This week is quite lengthy and has several parts. For now, I ask you to concentrate on parts 1 and 2. If we have time we will cover part 3. A large number of applications can be modeled using systems of linear equations. Several such applications are discussed in part 3 of this week. Part 1 Solving systems of linear equations using matrices This is the key of all the material in the following pages.

Part 2. Solving systems of linear equations which do not have a unique solution. This is used in Part 3.
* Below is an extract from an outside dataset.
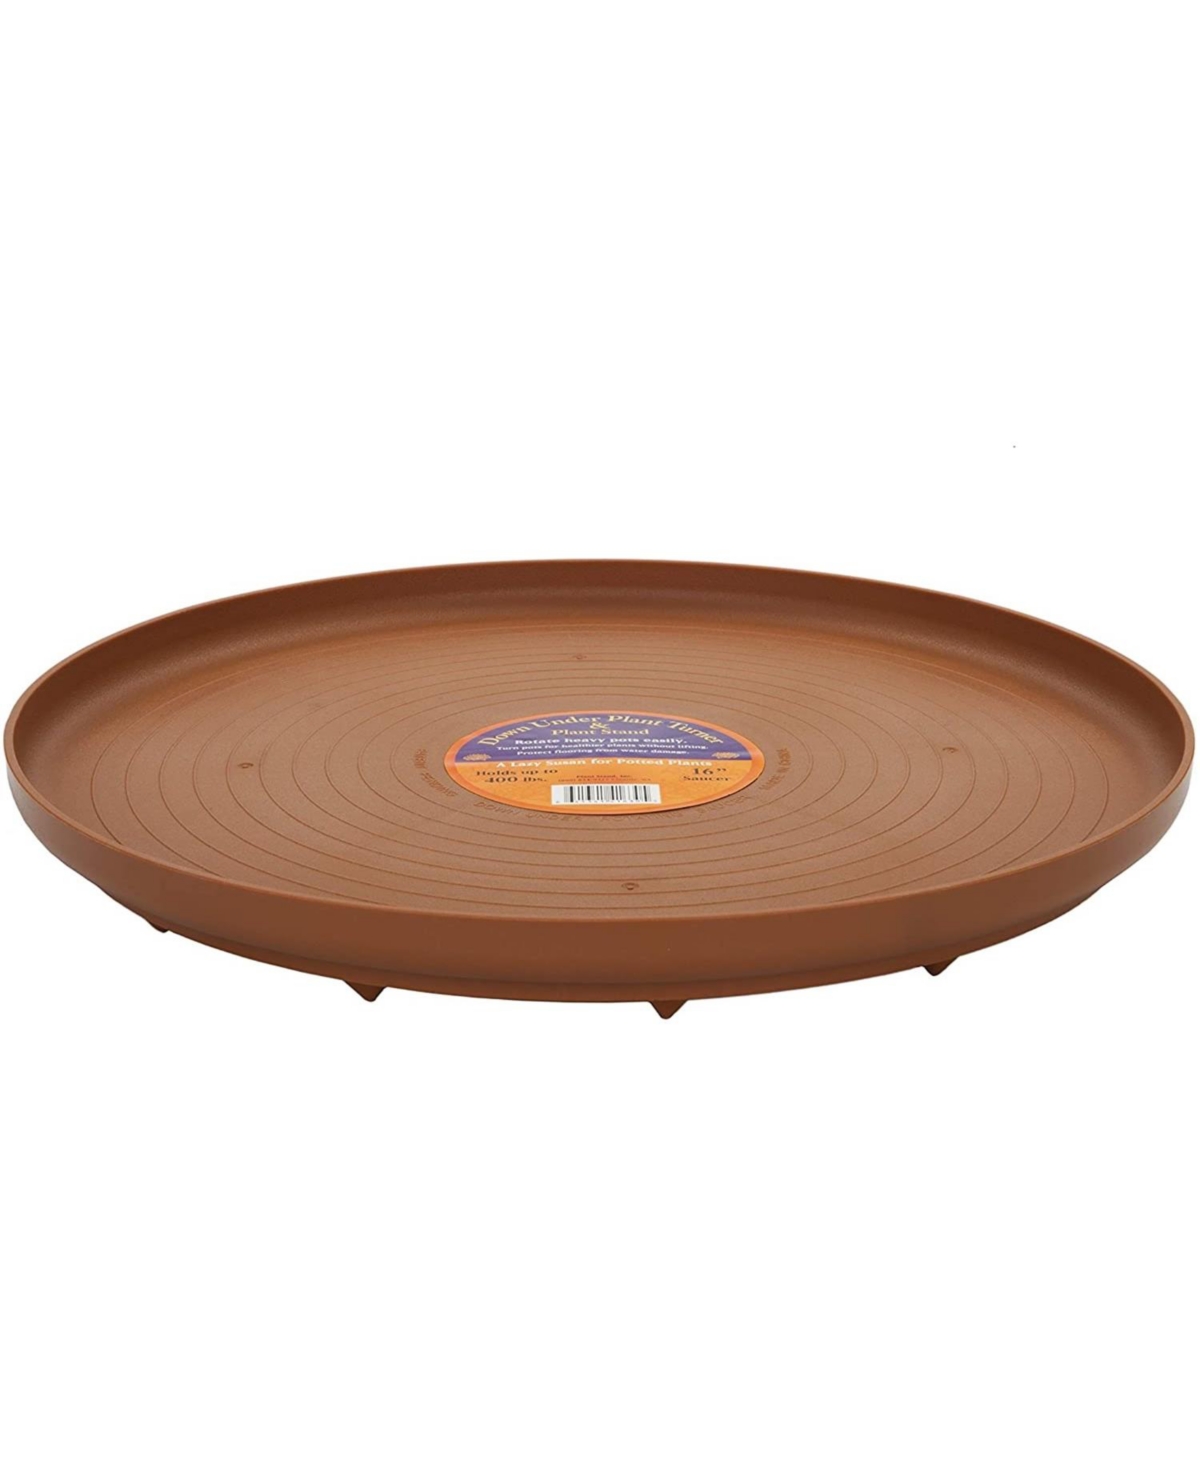 S41630 Down Under Plant Turner, Terra Cotta 16in Circumference - Brown

Part 3. Network Analysis. Fourteen examples, some from students, which depict some of the variety of applications of systems of equations.
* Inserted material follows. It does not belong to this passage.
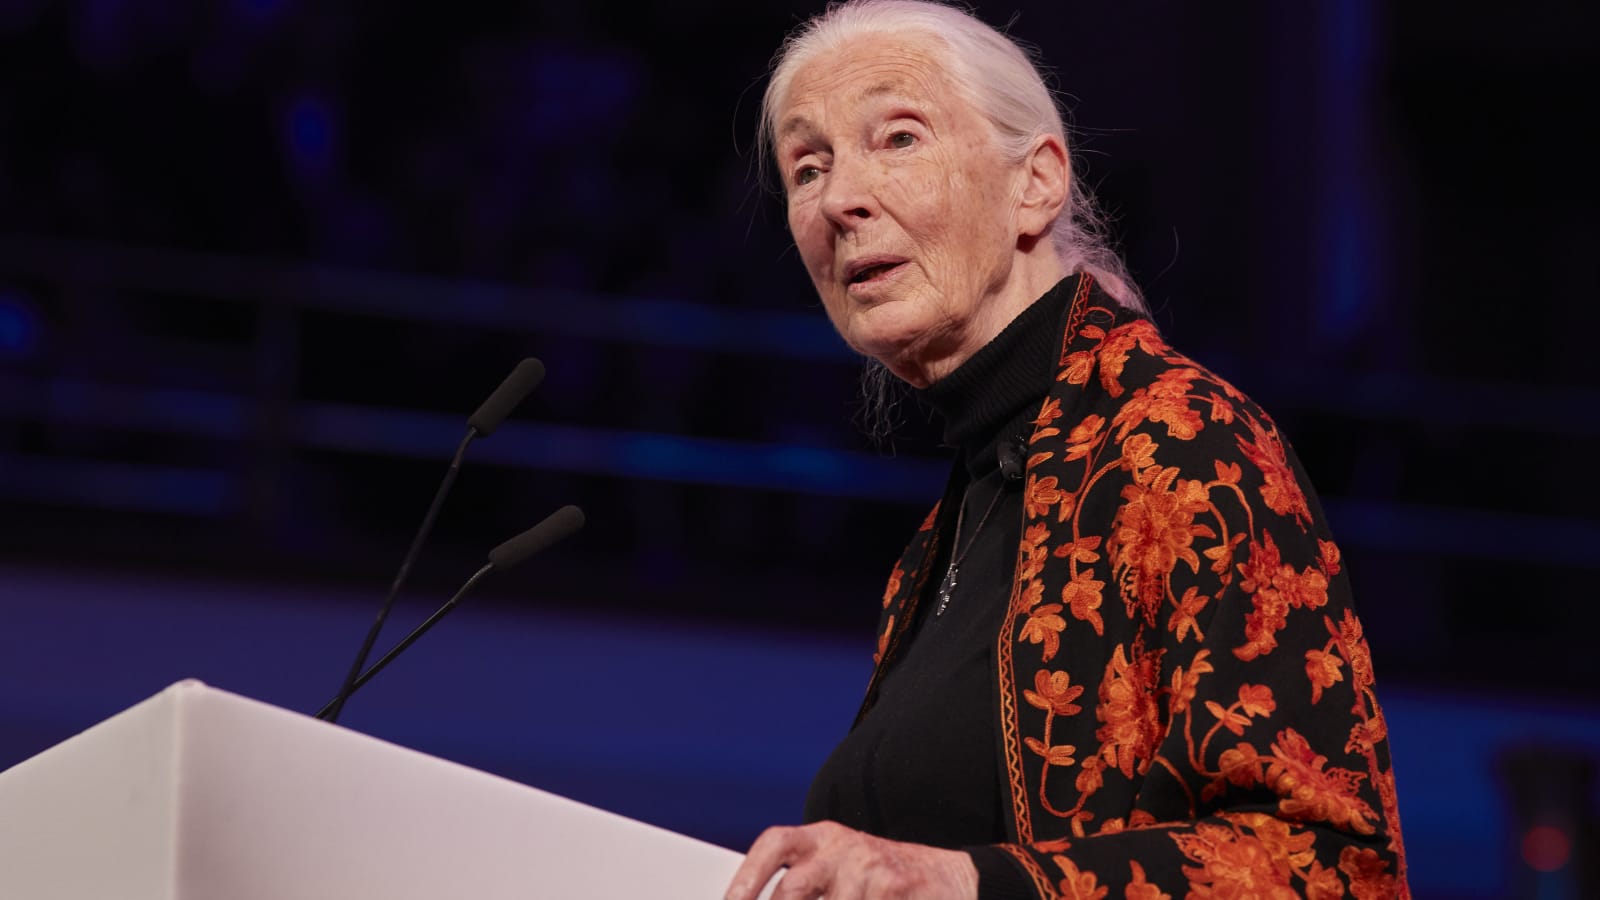 Jane Goodall Speaking Schedule 2022 Jane Goodall Tells How She Overcame Being Called 'Just A Girl'

Part 4 , The Row Reduction Method for Determining the Inverse of a Matrix Part 1. Solving Systems of Linear Equations Using Matrices

1) Consider the following system of equations: x1 + x3 = 1

x1 – x2 = 0

2x2 + x3 = 2

x1 + 0 x2 + x3 = 1

x1 - x2 + 0x3 = 0 Why?

0x1 + 2x2 + x3 = 2

We will solve this system using a procedure, which will lend itself to a procedure using matrices, which is called the Gauss-Jordan elimination method. But first, two systems of equations are called equivalent if they have the same (set of) solutions. We will see that the above system of equations is equivalent to, as the same solutions, as the system

1x1 + 0 x2 + 0x3 = 1

0x1 +1 x2 + 0x3 = 1

0x1 + 0 x2 + 1x3 = 0

Therefore we can “read off” the solutions directly from the above system, namely

x1 = 1

x2 = 1

x3 = 0

The reader should check by substitution into the original system that these are indeed the solutions.

The method of reducing any system of equations to a simpler system where we can more easily “read off” the solutions is based on three simple rules which apply to any system of equations. These rules we incorporate in to the following Theorem.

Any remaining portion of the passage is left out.